Recipe: structured output / JSON
- Goal: stable schema compliance.
- Settings: low temperature; conservative sampling; single candidate; reasonable max output tokens.
- Prompting: include a schema, example output, and strict “output JSON only” constraints; validate output.
Smaller scope + clear acceptance criteria + verification steps usually outperform any amount of knob tuning.
Diagnose problems by symptom
Symptom: output is chaotic or ignores the spec
- Likely cause: too much variance or unclear constraints.
- Fix: reduce temperature/top-p, generate one candidate, restate constraints at the top, request a small diff.
Symptom: output is repetitive or unimaginative
- Likely cause: sampling is too conservative, or your prompt is over-constraining.

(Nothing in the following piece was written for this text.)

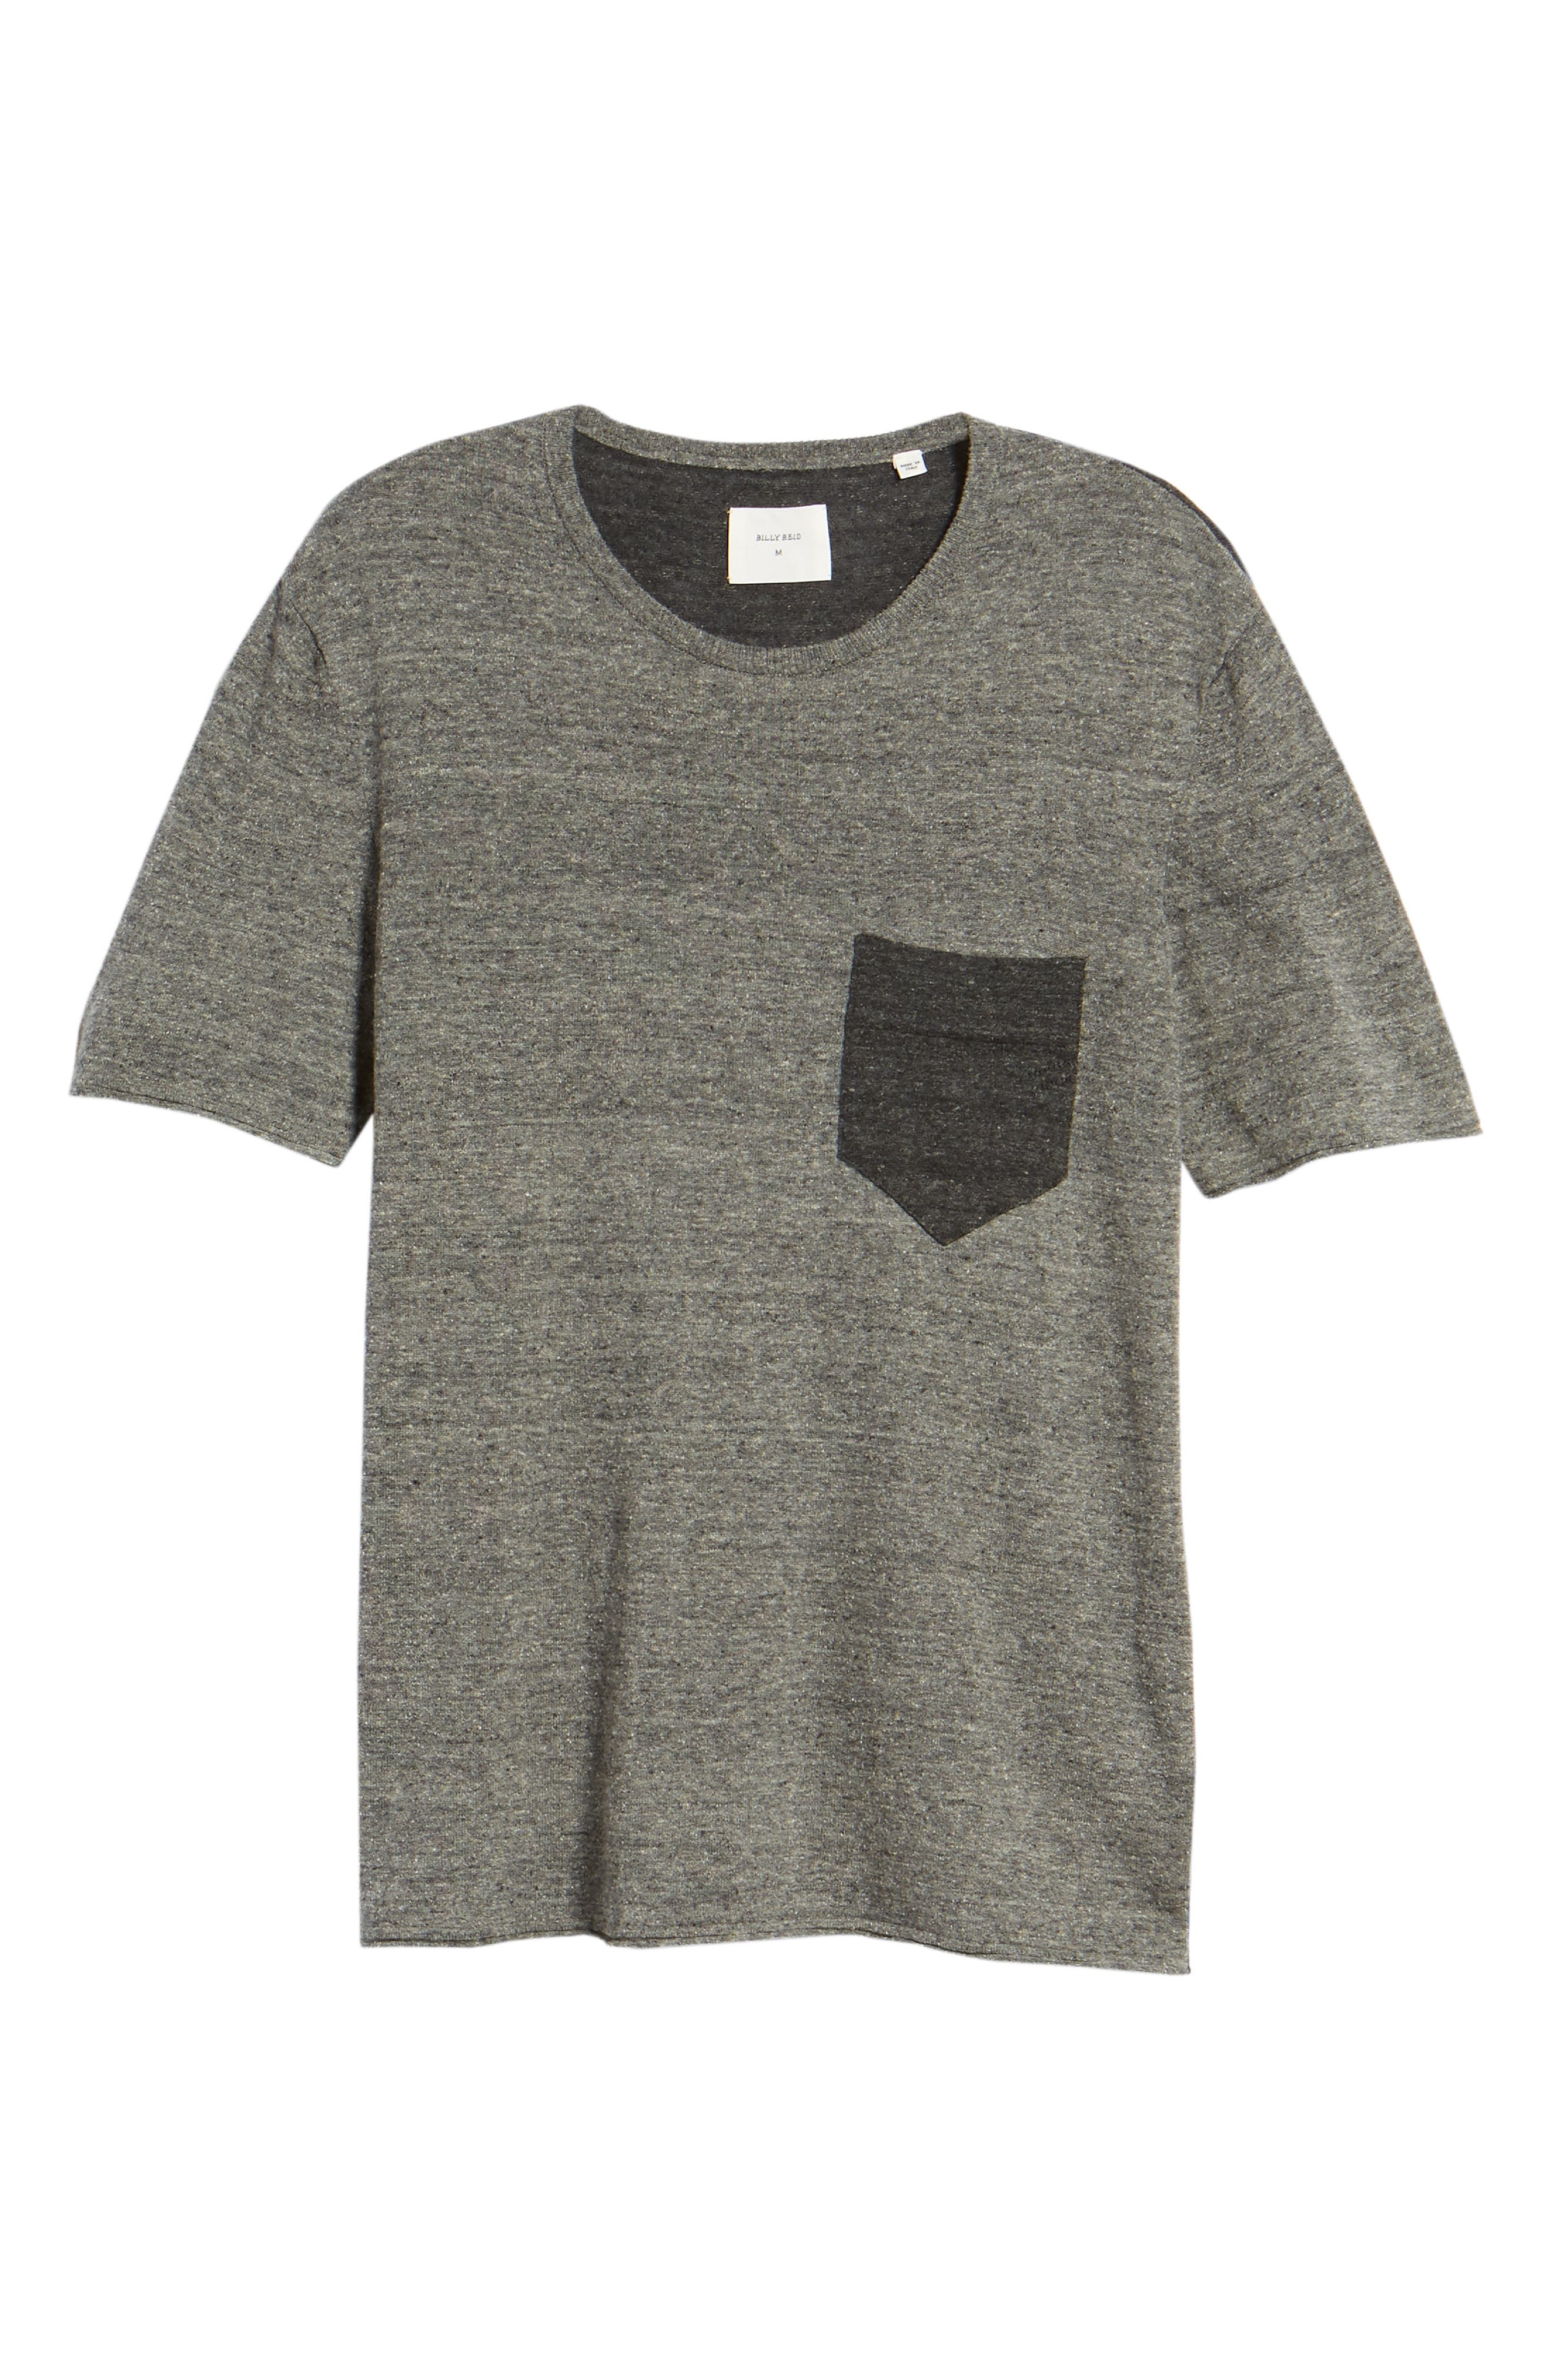 Two-Tone Crewneck T-Shirt,                             Alternate thumbnail 6, color,                             060

- Fix: ask for multiple candidates; increase diversity slightly; explicitly request alternatives.
Symptom: same prompt gives wildly different results
- Likely cause: high randomness settings and/or a messy, contradictory context.
- Fix: tighten context (summary + working set), lower randomness, add explicit acceptance criteria.
Symptom: incomplete code/JSON
- Likely cause: max output tokens too low, or stop sequence triggering early.
- Fix: raise max tokens slightly, adjust stop sequences, ask for output in smaller parts.
Change one thing at a time, and verify with a small test set. Otherwise you won’t know what caused the improvement.
A calibration method that actually works
If you want settings that reliably work for your tasks, calibrate like an engineer:
- Choose a task type (e.g. “small diffs,” “JSON extraction,” “brainstorming”).
- Write one canonical prompt with clear constraints and acceptance criteria.
- Run 5 trials at one setting and save the outputs.
- Change one knob (temperature or top-p) and run 5 more trials.
- Score the outputs against your criteria (did it follow constraints? did it pass tests? was it verbose?).
- Lock a default for that task type.
This turns “creativity knobs” into a measurable workflow: you pick settings that maximize success rate, not vibes.
For coding tasks, optimize for: success rate per attempt and time-to-verified, not “how impressive the first answer looked.”